12. Februar 2023

STIMMZETTEL’S TRAUM 

Aufgrund der heutigen Wiederholungswahl in Berlin ist mir wieder einmal bewusst geworden, dass auch ich Opfer einer Déformation professionelle bin und somit die Neigung habe, meine berufsbedingte Perspektive über ihren Geltungsbereich hinaus anzuwenden. Wollen Sie wissen warum? Gern. 

Auf einem der zugesandten Umschläge stand: „In diesen Stimmzettelumschlag nur alle Stimmzettel einlegen, sodann den Stimmzettelumschlag zukleben.“ Tatsächlich war das Wort „alle“ fett gedruckt. Das hat mich irritiert, denn wenn man in diesen Umschlag nur alle Stimmzettel einlegen soll, welche gäbe es denn sonst noch, die man nicht hineinlegen darf? Müsste es nicht korrekterweise heißen: „In diesen Stimmzettelumschlag ausschließlich alle Stimmzettel einlegen.“ 

Außerdem ist mir aufgefallen, dass das Wort „Stimmzettel“ unglaubliche vier Mal auf diesen Umschlag stand, davon dreimal in unterschiedlicher Schriftgröße und mit unterschiedlichem Abstand zwischen den einzelnen Buchstaben. Und dann das Wort “sodann“.

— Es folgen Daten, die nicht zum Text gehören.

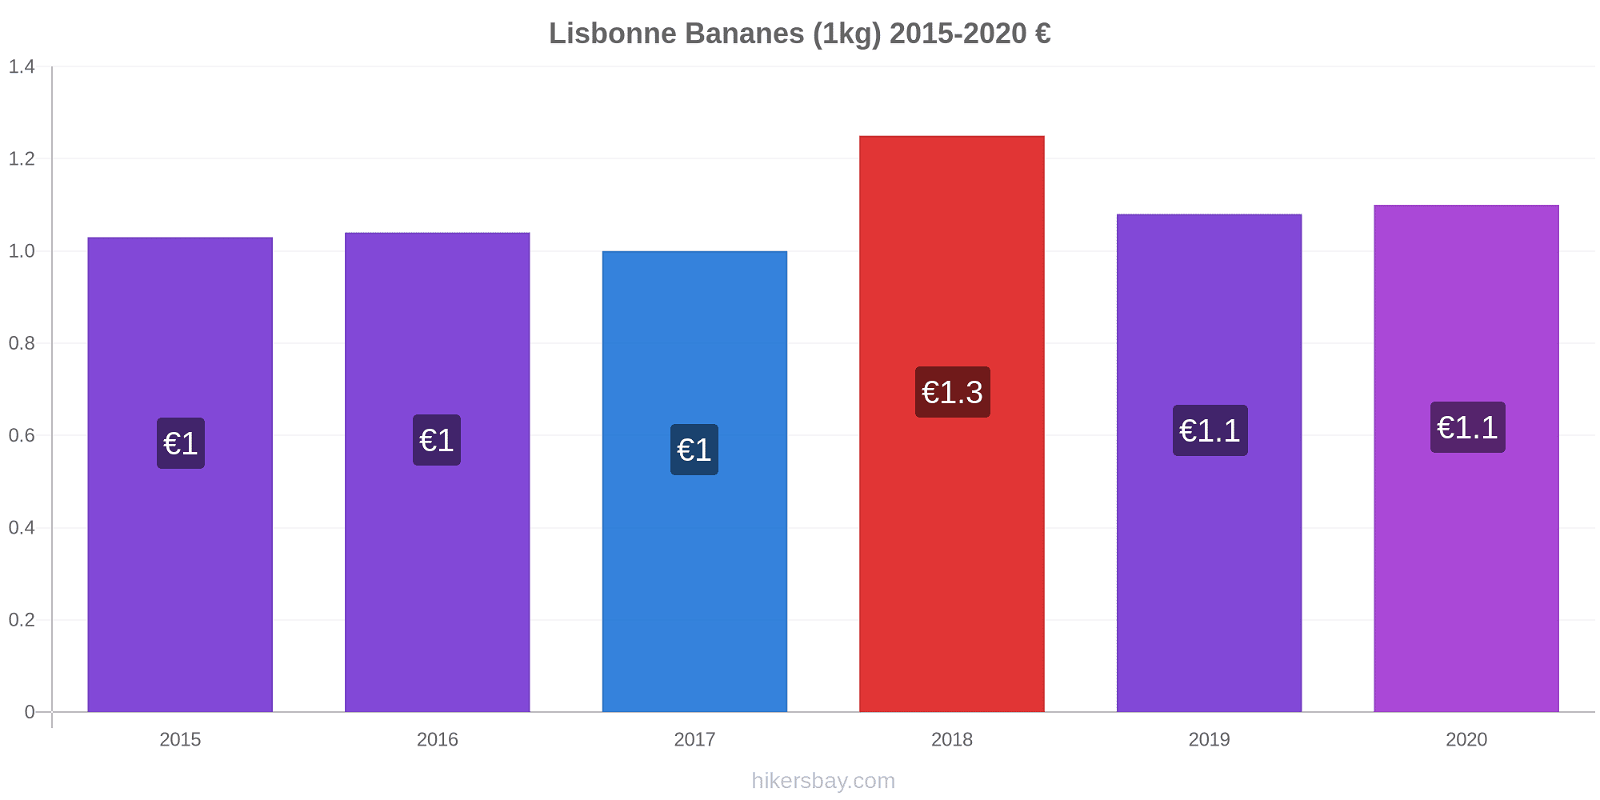 Lisbonne changements de prix Bananes (1kg) hikersbay.com
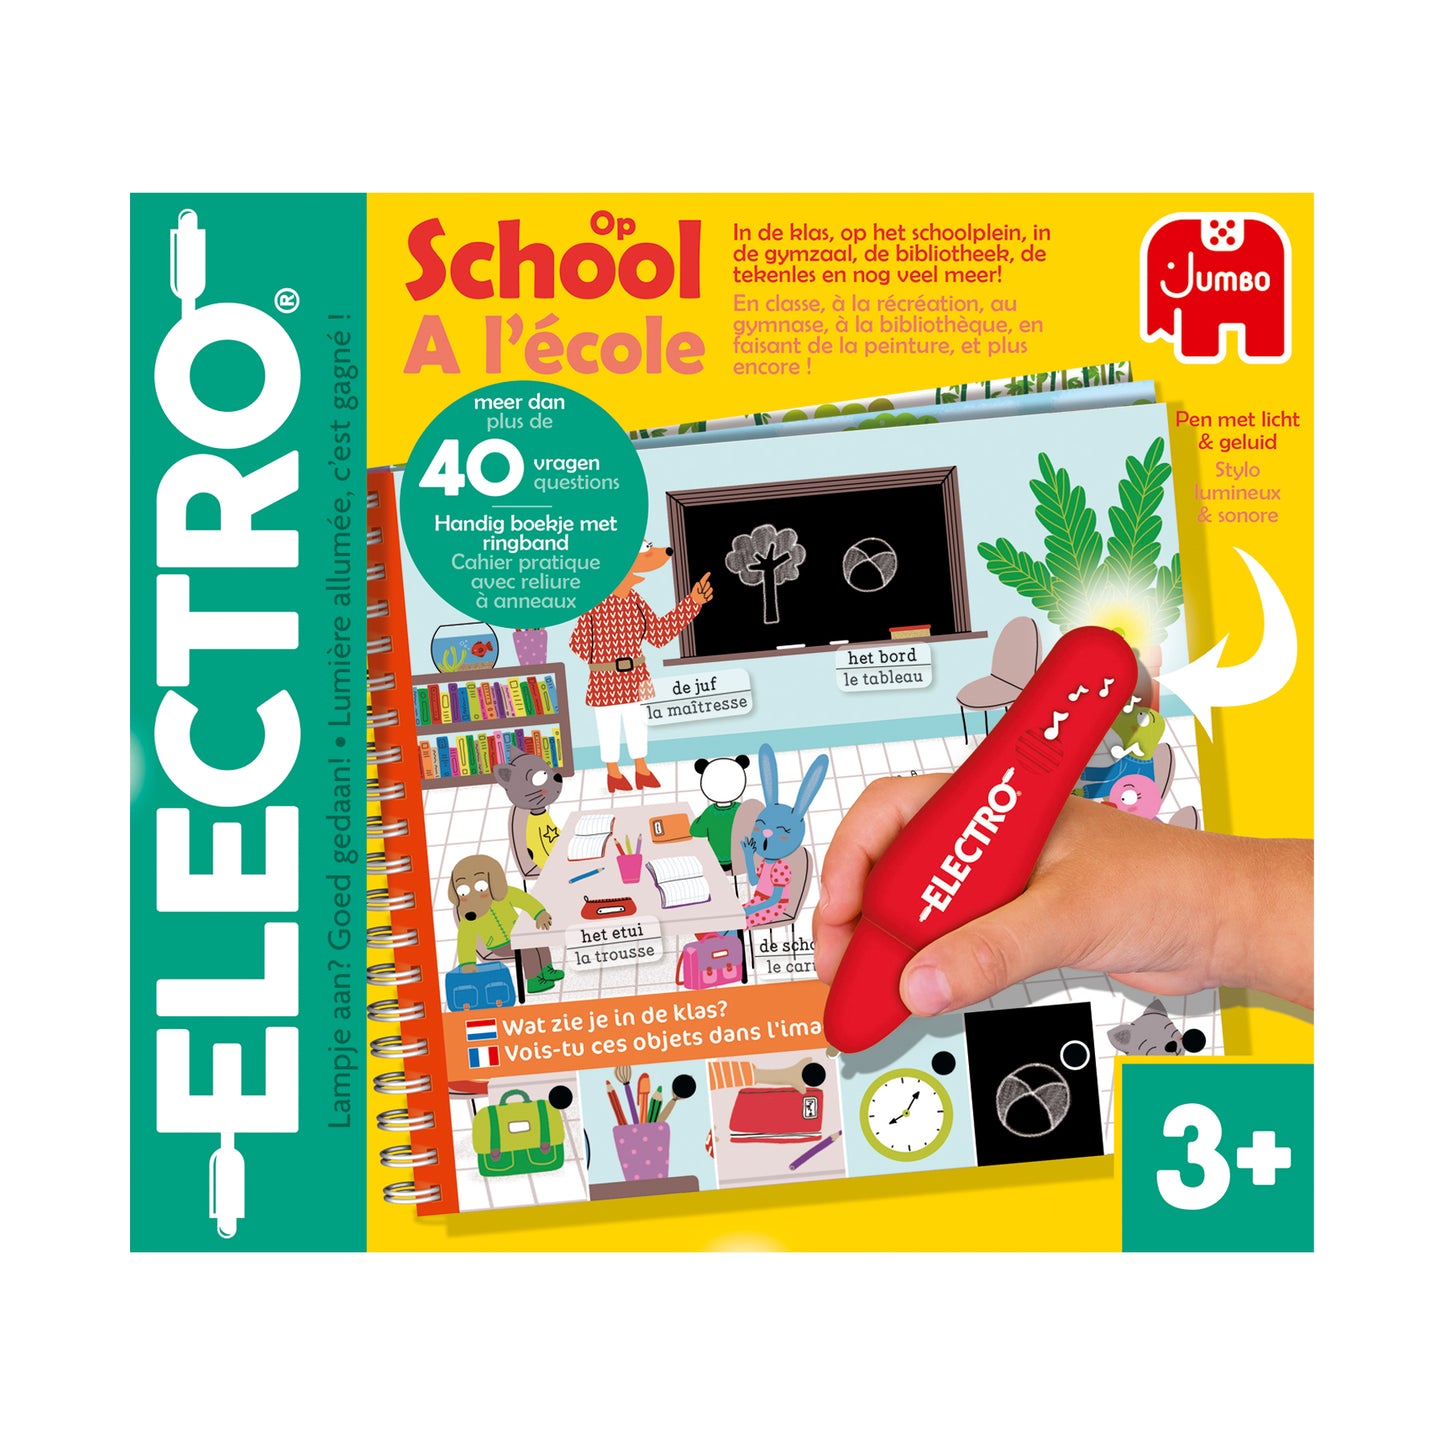 Electro - Electro at school NL (NEW) - product image - Jumboplay.com

Sie können sich vorstellen, dass ich mein nicht existierendes Gegenüber erstens auf die inhaltliche  Unkorrektheit aufmerksam gemacht habe, zweitens darauf bestanden habe, die Fett-Markierung zu löschen und stattdessen präzise zu formulieren. Drittens habe ich die inflationäre Häufung des Wortes „Stimmzettel“ und dessen uneinheitliche Schreibweise moniert und viertens sofort das „so“ von „sodann“ gestrichen, um dieses antiquierte Wort in ein alltagsgebräuchliches Wort zu verwandeln. (Das Wort „einlegen“ Habe ich großzügiger Weise unkommentiert gelassen, auch wenn ich „hineinlegen“ für passender halte.)

Sicher, wir haben es hier nicht mit Literatur, sondern mit einem Informationstext zu tun. Aber entschuldigt das diese Mischung aus sogenanntem Beamtendeutsch und Nachlässigkeit im Detail? Zumal das Stereotyp des Beamtendeutsch vielen Beamt*innen nicht gerecht wird, denn auch Lehrer*innen sind häufig verbeamtet und sie würden mit großer Wahrscheinlichkeit anders formulieren. Ganz zu schweigen von den vielen verbeamteten Jurist*innen, deren Denken eben nicht nur Schachtelsätze und unverständliche Fachterminologie produziert, sondern Nährboden für wunderbare Literatur sein kann, wie Novalis, Jules Verne, Franz Kafka, Marguerite Duras, Ferdinand von Schirach oder Juli Zeh beweisen. 

Ich erinnere mich an eine Lesung des Schriftstellers Norbert Scheuer hier in Berlin, bei der dieser voller Überzeugung sagte: “Als Schriftsteller muss man Beamter sein.“ Damit meinte er allerdings nicht den Schreibstil, sondern das disziplinierte und tägliche Schreiben, das unabhängig von Lust oder Ideen ausgeübt werden muss, um erfolgreich werden zu können. 

Aber zurück zum Stimmzettelumschlag. Ich bin sicher, dass viele Beamt*innen diszipliniert und unabhängig von Lust oder Ideen daran gefeilt haben, um zu verhindern, dass die Berliner Wahl ein weiteres Mal für ungültig erklärt wird. Dieses Mal, weil die Formulierung auf den Briefwahlunterlagen missverständlich formuliert war. Stichwort: Formfehler. In ein paar Tagen werden wir das wissen. 

P.S.: Ist Ihnen aufgefallen, dass der Apostroph in der Überschrift falsch ist? Es müsste eigentlich „Stimmzettels Traum“ heißen. Ich habe den Apostroph bewusst gesetzt als kleine Hommage an Arno Schmidt, dessen wahnsinniges 1970 erschienenes Monumentalwerk Zettel’s Traum mit diesem grammatikalisch unkorrekten Apostroph im Titel ausgestattet ist. Der Autor hat darauf bestanden. Und als Literat darf er das. Wie Schmidt wohl den Stimmzettelumschlag formuliert hätte?